The challenge
From 538’s Riddler column, a game of “Pinching Pennies”.
The game starts with somewhere between 20 and 30 pennies, which I then divide into two piles any way I like. Then we alternate taking turns, with you first, until someone wins the game. For each turn, a player may take any number of pennies he or she likes from either pile, or instead take the same number of pennies from both piles. Each player must also take at least one penny every turn. The winner of the game is the one who takes the last penny.
If we both play optimally, what starting numbers of pennies (again, between 20 and 30) guarantee that you can win the game?
Approach
Let’s start with 1 coin. You might be thinking, “Now hold on a sec!” But your opponent can in fact split 1 coin two different ways:
- With 1 coin on the left, and 0 coins on the right.

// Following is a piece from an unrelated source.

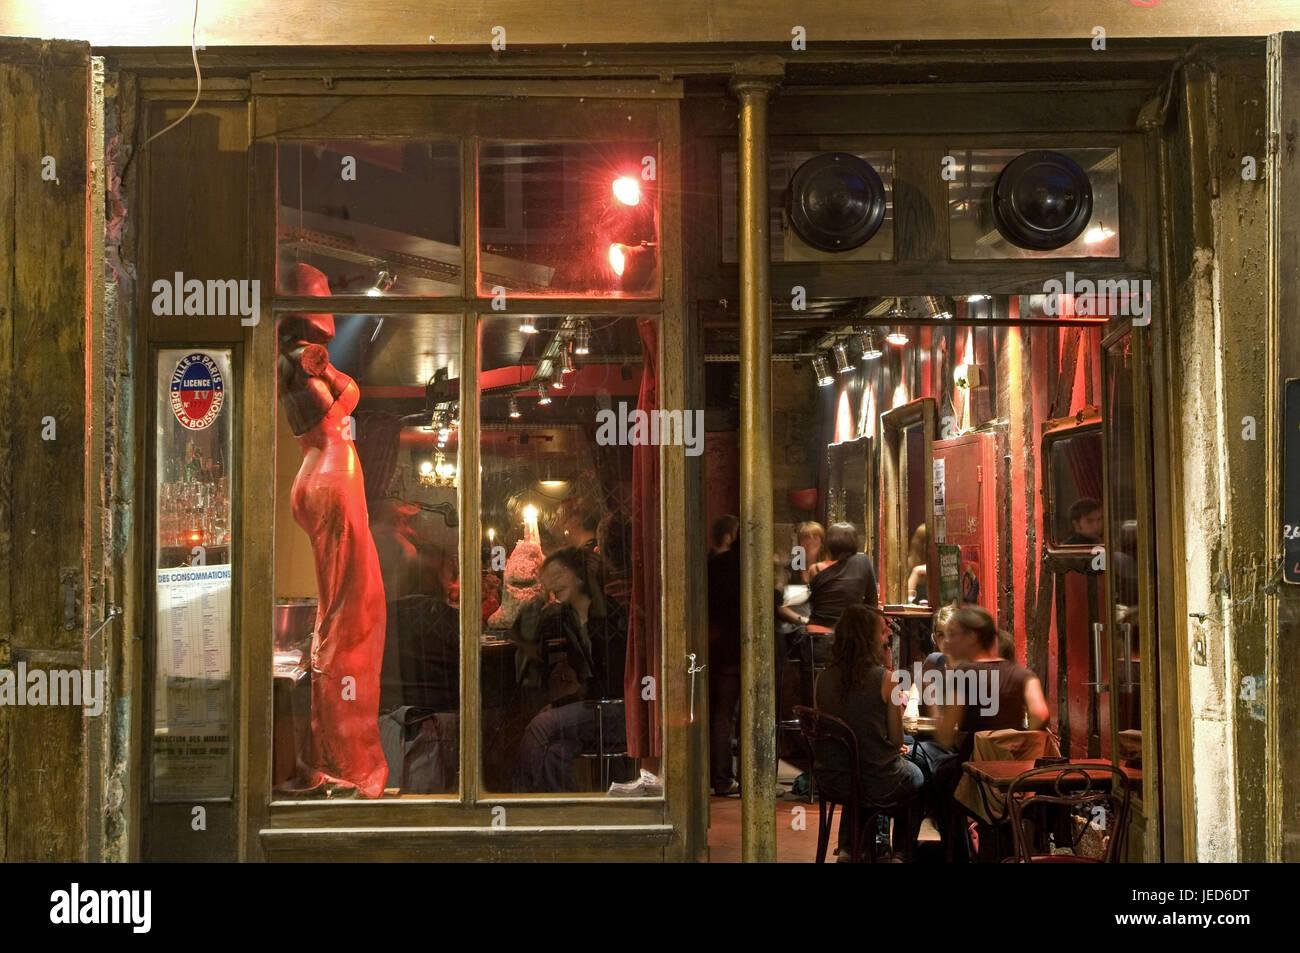 France, Paris, Rue de Laplander, bar, guests, no model release, - Stock Image

- Or 1 coin on the right, and 0 coins on the left.
Let me show you.
Figure 1: One coin splits
And of course, if your opponent does this, you’ll win right away – just grab all the coins on the left stack! Easy peasy.
Now of course, it doesn’t really matter if it’s 1 coin in the left stack and 0 coins in the right stack – or if it’s 1 coin in the right stack and 0 coins in the left stack. Everything’s symmetric.
Well, that’s kinda lame. Let’s see what happens with two coins. Your opponent can split them in these three ways:
Figure 2: Two coin splits
All of those are also going to be direct winners. The single stack two coins you can grab. And the option with 1 coin in each stack? You can take an equal number of coins from each stack!
Might seem like weak sauce, but we’ve already seen two examples where the number of coins determines the winner, no matter how your opponent splits them!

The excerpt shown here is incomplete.